The Supply Chain Management Association of the Philippines (SCMAP) advocates to abort NORTHPORT’s new berthing procedure as it doubles the costs of doing business making the prices of goods more expensive for the consumers.

Accordingly, this new berthing procedure compels all container vessels to berth at the Terminal 1 of the NORTHPORT, and imposes the use of their quay cranes regardless if the ship has its own crane. The cranage fee summates up to Php 1,587 (VAT inclusive) for 10 and 20 footer containers, hence adding 88% more to the current cargo handling rate of Php 1,800. This added cost and procedure is contrary to the ease of doing business.

The group appealed that the fees imposed must be justified for the modernization effort.

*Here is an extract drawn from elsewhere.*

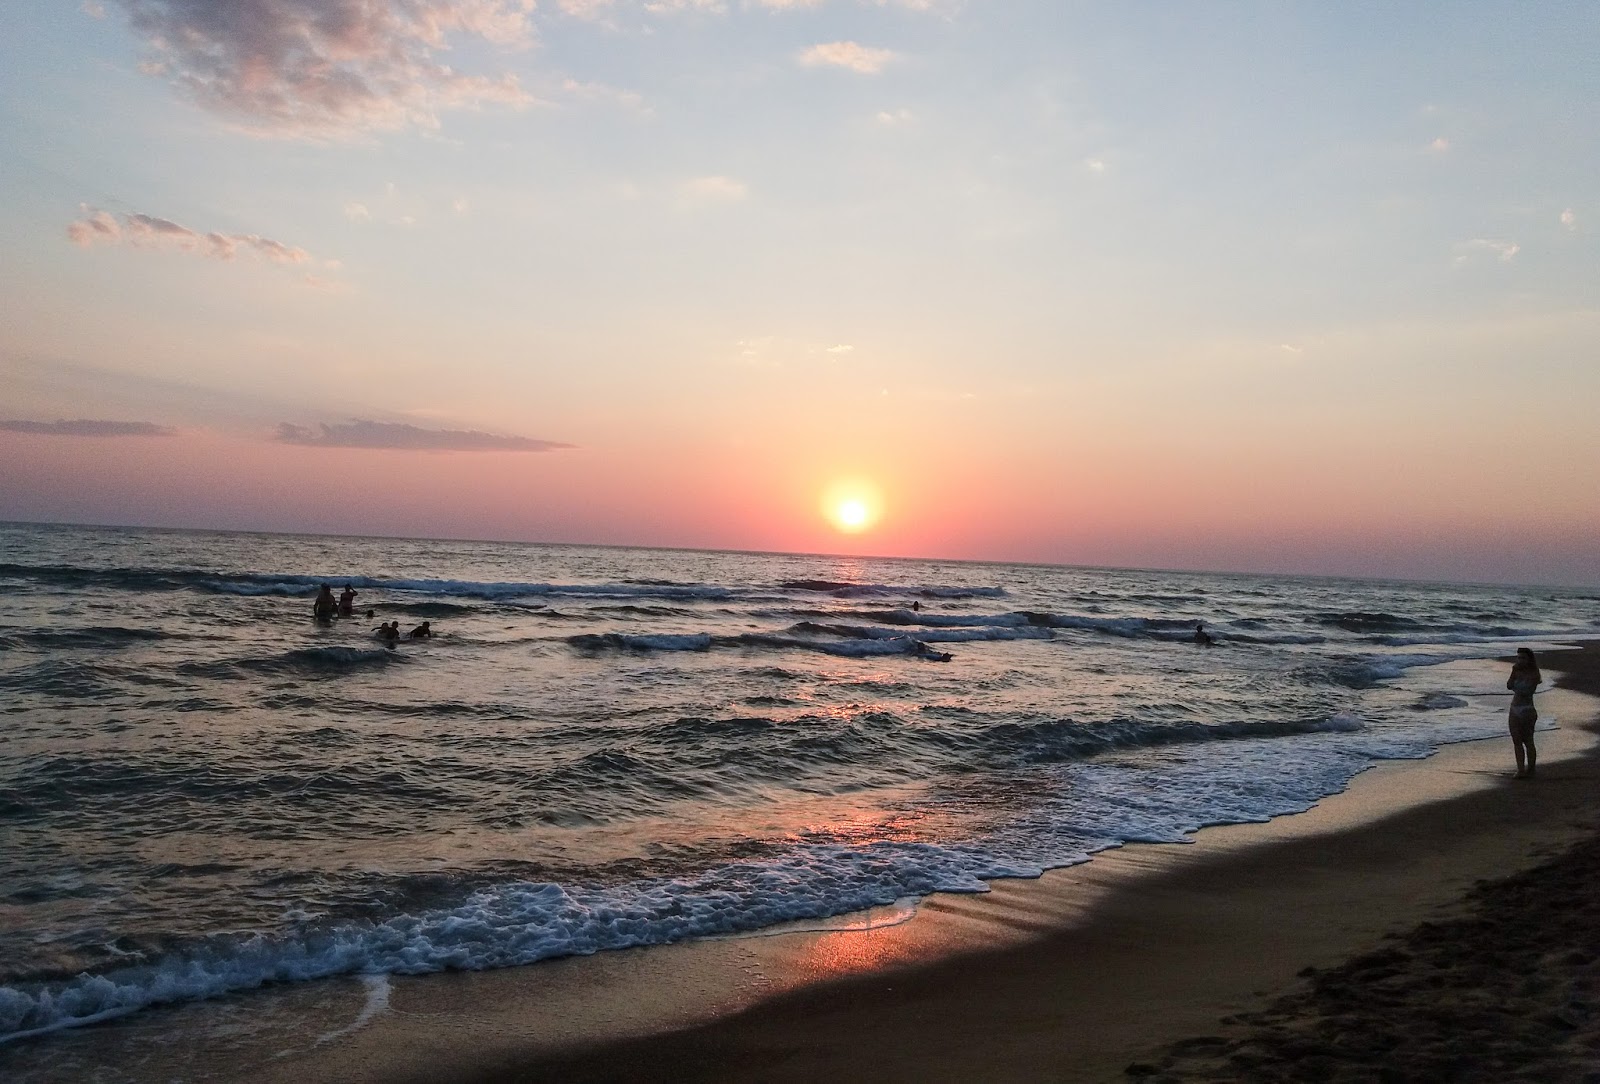 Γιάννης Λύρης: Παραλία Ζαχάρω. Δυτική Πελοπόννησος: Ηλιοβασίλεμα, η απόλυτη  ηρεμία.

However, the cost must be affordable and should not result in the added process and cost. SCMAP Executive Director Ms. Corazon Curay revealed the group’s sentiment on this advocacy during the EDC Networking Committee on Transport and Logistics meeting last 28 July 2020. KJDA

Transport of Potassium Nitrate in solid form authorized by PNP

The Philippine National Police of Civil Security Group (PNP-CSG) clarified in a memorandum authorizing the transport of Potassium Nitrate (KNO3) in its original solid form. This order will not require potassium nitrate to be diluted in liquid form prior to transport and passing through the PNP checkpoints. Said chemical in liquid or solid form shall be transported without delay provided that the company has complied valid permits (Permit to Unload, Permit to Purchase and Move, and Permit to Transfer) bearing the appropriate information necessary for its movement (i.e.PPME#, license#, company name, date of issuance and validity, specific purpose, quantity of chemical, port of origin, and destination). This mandate was clarified in a memorandum signed by PMGEN Roberto Fajardo (PNP-CSG) dated16 July 2020.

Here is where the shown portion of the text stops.